- Born: Richard Yuengling March 10, 1943 (age 83) Pottsville, Pennsylvania, US
- Education: Lycoming College (dropped out)
- Known for: Owner, Yuengling
- Spouse: Divorced
- Children: 4 daughters
- Parent: Richard Yuengling Sr.
- Relatives: Frank D. Yuengling (grandfather)

= Richard Yuengling Jr. =

American businessman (born 1943)

Richard Lee Yuengling Jr. (born 1943) is an American billionaire businessman and the president and sole owner of the Pottsville, Pennsylvania brewer, Yuengling.
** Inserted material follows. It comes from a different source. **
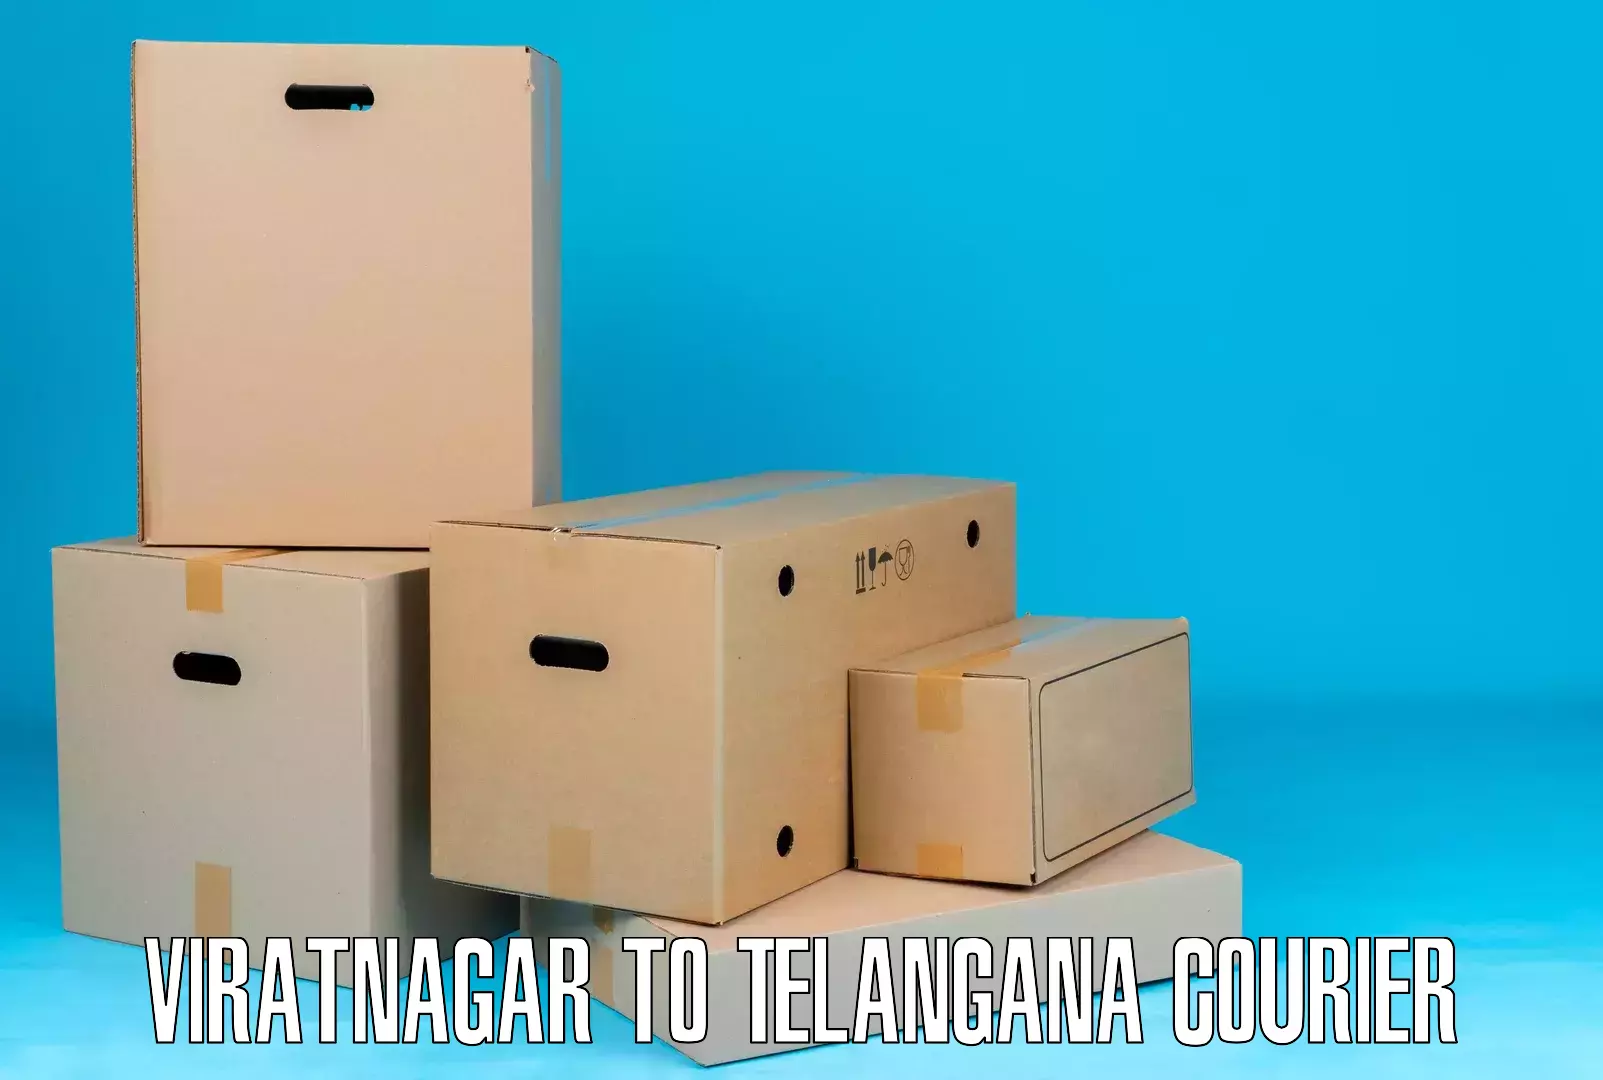 Efficient freight transportation Viratnagar to Sikanderguda

He is the fifth generation of the family to run Yuengling, and owns 100% of the company, having bought out his father in 1985.

==Career==
He started work at Yuengling in 1958, while still in high school.

In 1973, he left because he couldn't get his father to invest and expand. He bought a wholesale beer distributor business, working with Pabst Blue Ribbon and Rolling Rock, and stayed there for 11 years.

He is the fifth generation of the family to run Yuengling, and owns 100% of the company, having bought out his father in 1985. In the 2016 edition of the Forbes 400, Dick Yuengling was ranked 361 with a net worth of $1.9 billion.

==Personal life==
He is divorced, with four daughters, and lives in Pottsville, Pennsylvania. All four of his daughters work for Yuengling.

Yuengling supported Donald Trump in the 2016 Presidential Election.